The whole family would have to come out of the closet.

“That’s when my healing started,” Young says. She wrote letters to their friends, and met privately with co-workers. “I started out by saying our family was in crisis. Our son has AIDS. He’s lost his vision. He’s going on TV to talk about it.”

She realized, as people stepped forward to support the family, “the most difficult part of the journey was keeping that secret. For Peter as well.”

Peter did 111 televised diaries before his death. The ease, humour and insight with which he chatted about his experiences gave the disease a new face.

The public video diaries became one of the most empowering parts of his own healing process, he said, coming out as a gay man, and a man with AIDS. He shared his journey from the early days when he and the disease were closeted: admitting he peeled the labels off his AZT bottles when he disposed of them, and suggested putting gay marriage on the public agenda — something, he believed was necessary, as the partners of AIDS patients were often blocked from their bedsides by other family members because “longtime companions” had no legal standing as next of kin.

Young recalls the fear she felt when her son was first diagnosed, and the gift he gave by opening up when AIDS deaths were often shrouded, announced as “cancer” or “long-term illness.”

“If he hadn’t done the diaries, we might not have admitted it. We know a lot of people who lost their children to AIDS and they have never admitted it. Isn’t that sad?”

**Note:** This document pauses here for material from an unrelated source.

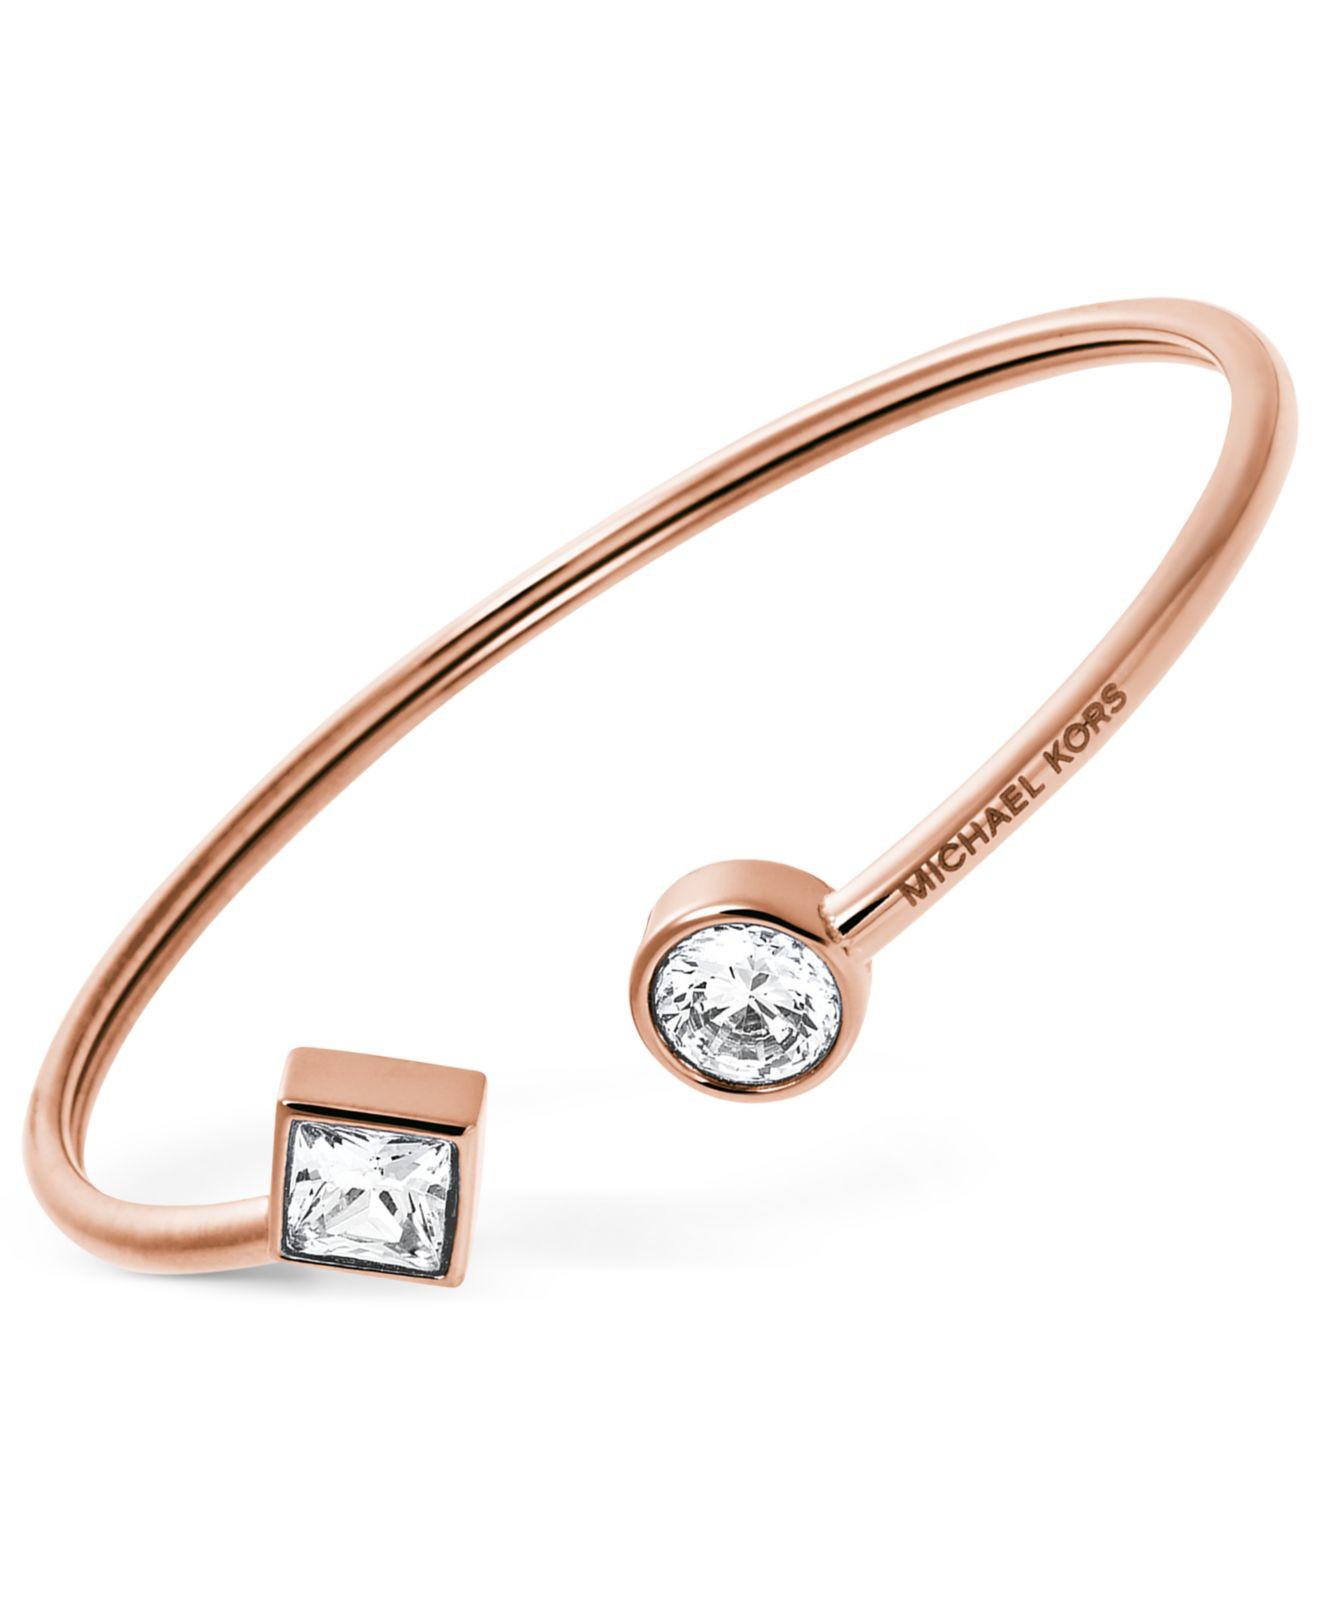 michael kors flexible open cuff bracelet in metallic lyst. Black Bedroom Furniture Sets. Home Design Ideas

Shortly before his death in 1992 at age 35, Dr. Peter established the Dr. Peter AIDS Foundation. It treats high-needs HIV-infected patients in residence and as out-patients.

Each Wednesday, Young helps in the kitchen, making toast and sharing hugs with patients in the sunlit dining room of the Dr. Peter Centre at the corner of Comox and Thurlow.

She stands on the front steps of the multimillion dollar complex, where her son’s words are etched: “The energy that is me will not be lost.”

From here she can see the bench behind St. Paul’s where she wept in anguish as her son lay struggling to breathe in a hospital bed, and she marvels at what she could not have foreseen.

“From all of that suffering, all of this good would come.”